The focus of their review was on butterfly population trends and extinction rates in southern Swedish agricultural landscapes. In some areas, half of the butterfly fauna has been lost over the past 60-100 years. As a valuable insect pollinator, the decline of the butterfly could have ramifications for farmers.

 

Marked changes in land use in Northern Europe, such as loss of hay meadows, has impacted severely on butterfly species, as the creatures now lack many of their key habitats. In the UK, the loss of species-rich meadowland has had the same effect.

 

In Sweden, grazed, mixed open woodlands have been transformed into dense forests and domestic grazers have been relocated from woodlands to arable fields and semi-natural grasslands, the researchers said. Hay and silage harvests now start much earlier in the season, which has reduced the time available for butterflies' larval development.

 

Alongside these changes, intensified land use has also markedly reduced the availability of nectar in the landscape.
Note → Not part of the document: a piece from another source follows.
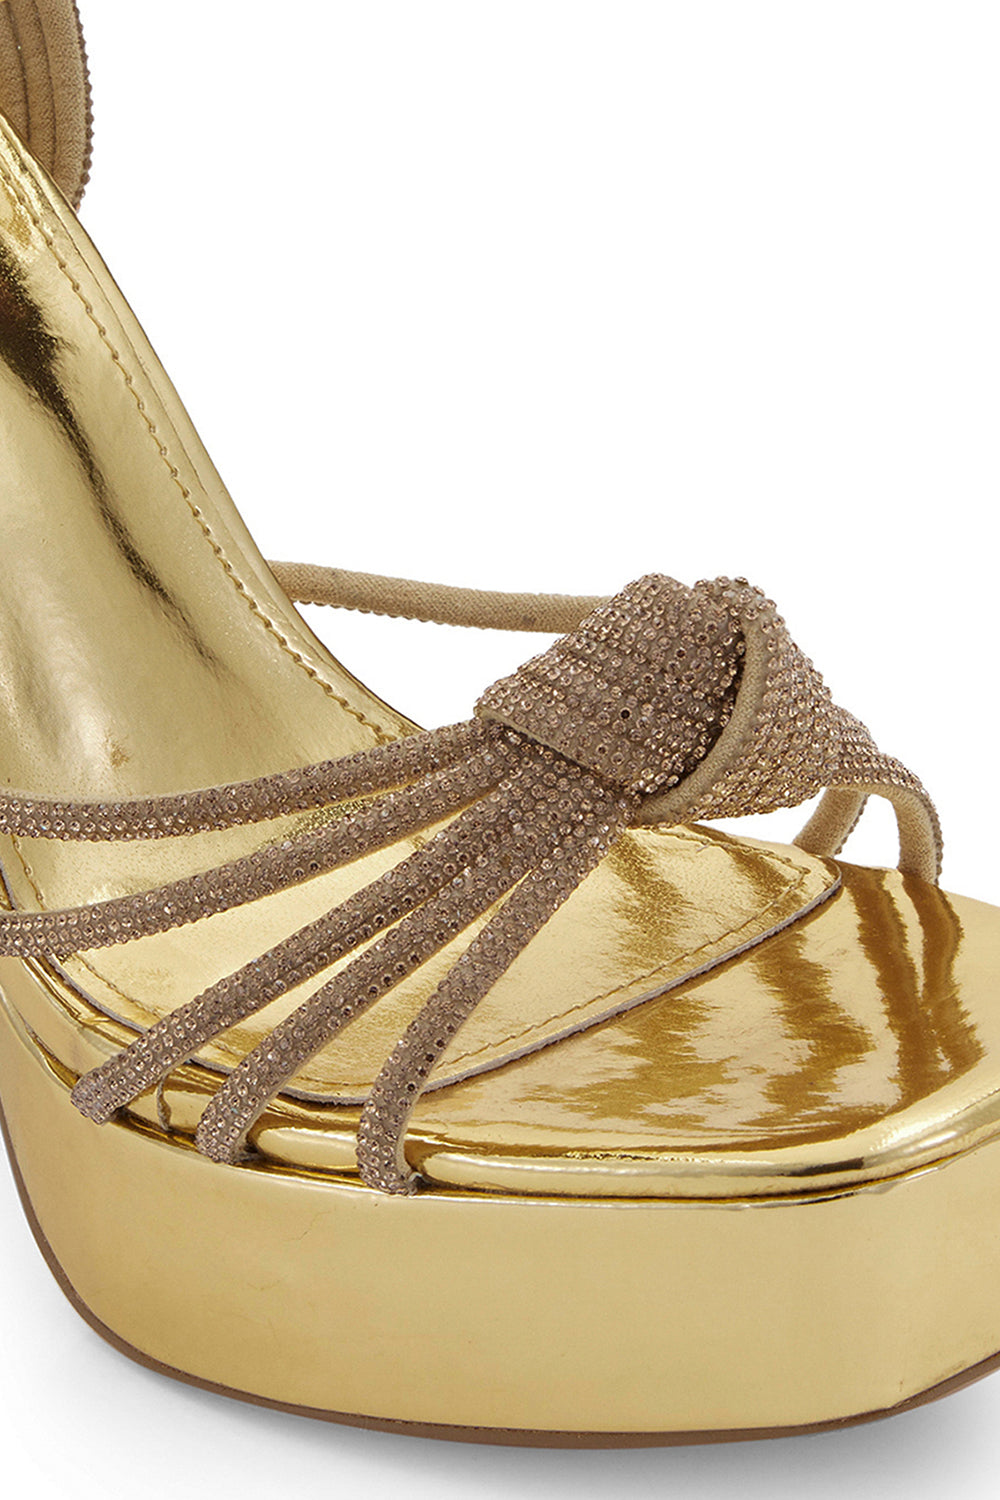 Gold Lover?s Knot Wedding Platform Sandals

Adding to these problems, current agricultural subsidy systems favour intensive grazing on the remaining semi-natural grasslands, which has compounded the impacts of land use change on butterfly diversity, by drastically limiting the species of plants growing on grasslands.

 

Despite their worrying findings, the researchers revealed that relatively minor adjustments to land management could drastically counteract the declines. They recommended that, in order to mitigate risks of further species loss and to work towards recovery of threatened butterfly populations, farmers could receive incentives to graze later, introduce rotational grazing with parts of semi-natural grasslands grazed only in late summer in some years, and carefully choose their grazers.